When we taught our workshops in Hazard, Kentucky, I had the opportunity to play on the college’s concert grand piano, which was one of the nicest pianos during the entire trip. As I played some songs, I met a few musicians and administrators who worked at the school who came to listen and invited others to come by. One of the administrators was the director at the affiliated music school, KSBTM, and he offered our team a trip to tour his campus! Some of us visited it the next day, and we learned about the traditional music in Appalachia and saw the recording studio, stage, library, and other facilities. The director of the school even performed for us and let us play on the traditional instruments! The piano you see below is in Mahogany, so the natural wood tones are showing, and the shorter length along with the tuning make the sound warmer to stand out in music that already has a bright sound. It’s the recording studio piano and had a storied history before it was donated to the school.
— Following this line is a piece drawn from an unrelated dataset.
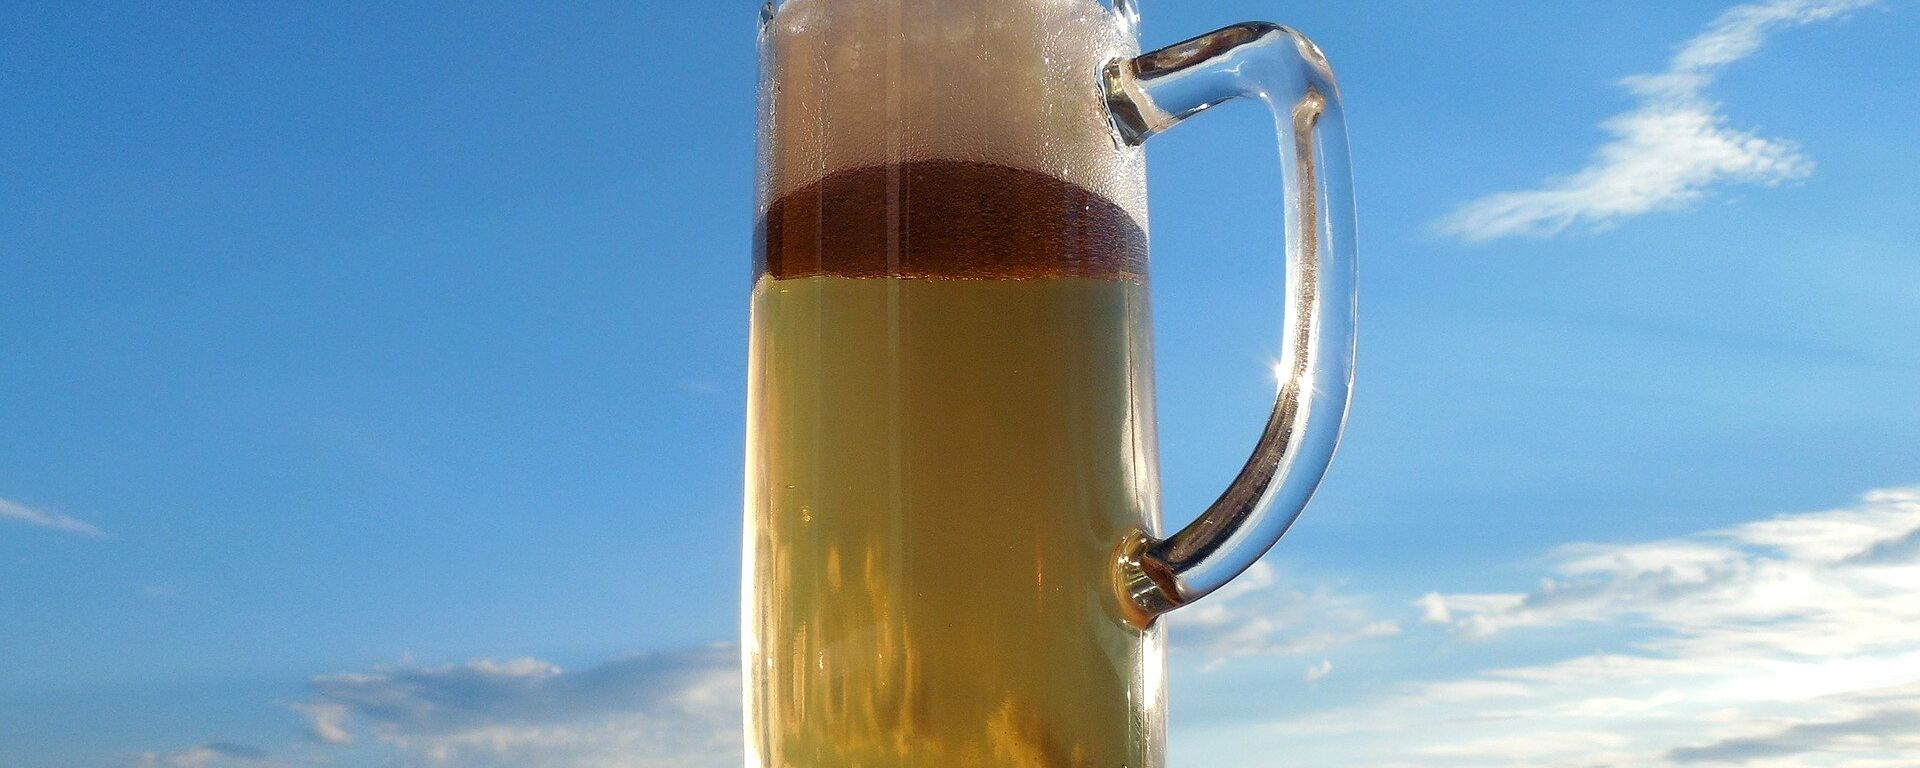 Glass of beer - Sputnik International, 1920, 09.08.2020

When we taught at Johnson Wabash School in Ferguson, Missouri, I asked if the school had a piano I could borrow to help demonstrate parts of my presentation. They had two! We wheeled this one, which was in tune and had a smooth action, into my classroom, which the students really enjoyed. During my breaks, I had conversations with the band and orchestra teachers, who shared stories from their time at the school. Having the teachers with a background in music nearby during my workshops really helped to reinforce some of the ideas we explored. The instrument on top is a melodica, which uses air and reeds like a harmonica.
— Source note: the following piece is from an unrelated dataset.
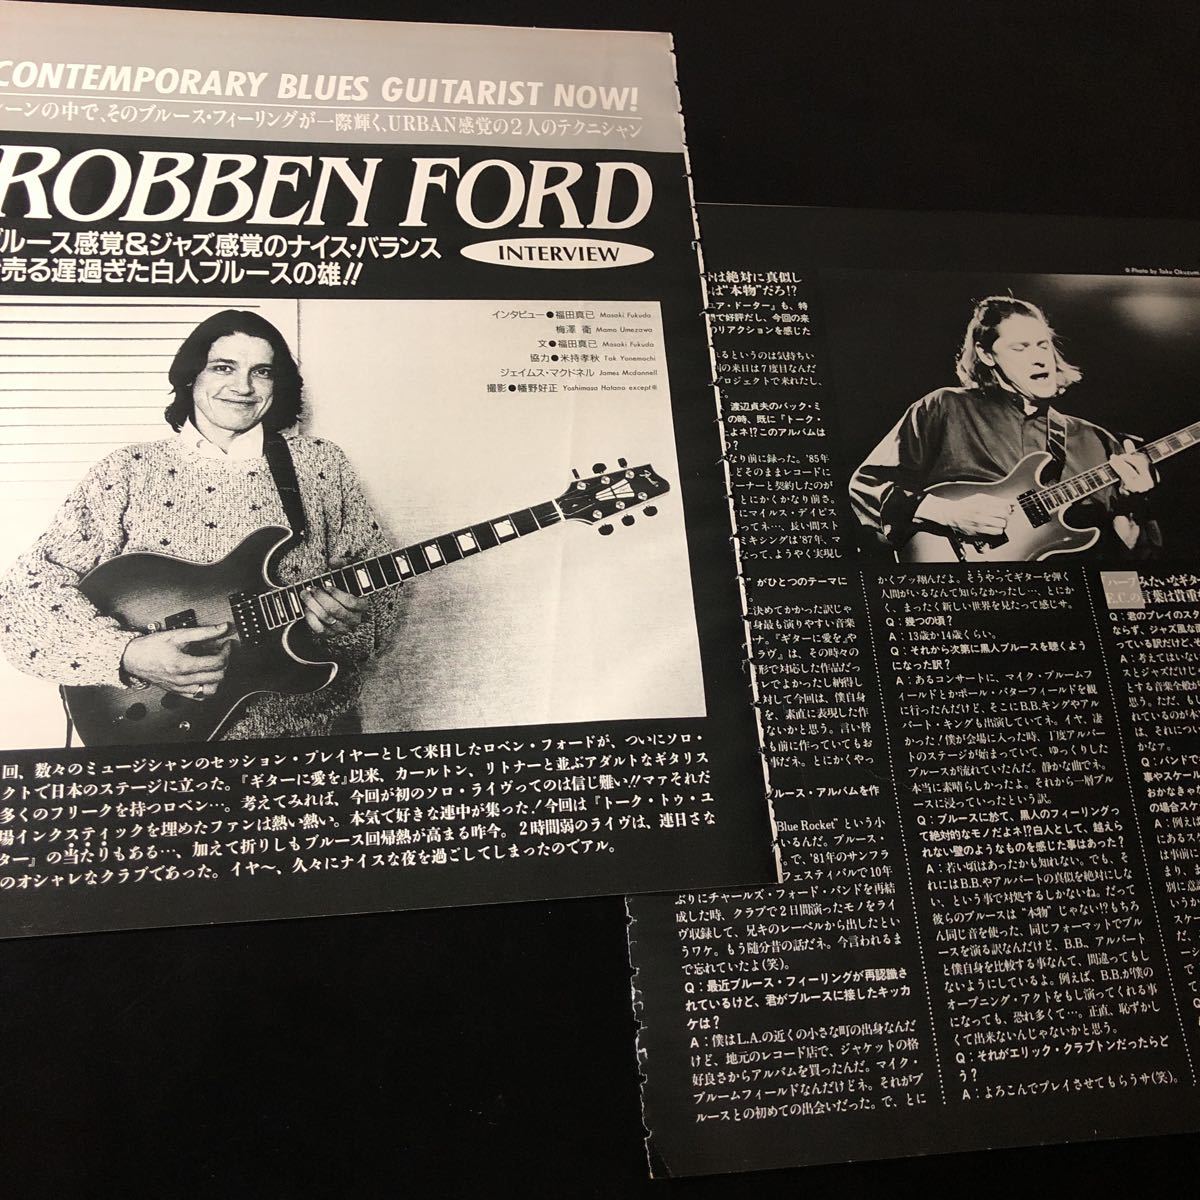 0925-1 レア切り抜き ロベン・フォード 1989年インタビュー Robben Fordの画像1

At one of our stays in Utah, our hosts and I were talking about music and they mentioned that their music teacher Denine, who lived next door, would love to visit with us. A few of us went over and met her family, and we talked about her experiences with teaching voice and the piano. Denine’s conversation style and experiences with advanced students reminded me a lot of one of my own piano teachers, though she also had a background in vocal technique. This piano is the one she uses for her lessons, and it was in great shape.



 

As we cycled and taught our workshops, we learned so many valuable lessons along the way

  • How to live in a group, from communication and organizing chores to finding fun activities to do together.

  • Cycling in an area is a great way to learn about it, from seeing wildlife and feeling the contours of the land to stopping and interacting with people more often.

  • What your basic essentials are for day-to-day living and just how many places in the United States could meet your needs.

If you’re an MIT student who’s considering applying to Spokes in the future, apply! Spokes has been a once-in-a-lifetime adventure to remember and grow from. Please reach out, too, if you have any questions about the experience!


Thank you, all, for joining me on this adventure! The next chapter is just starting to unfold.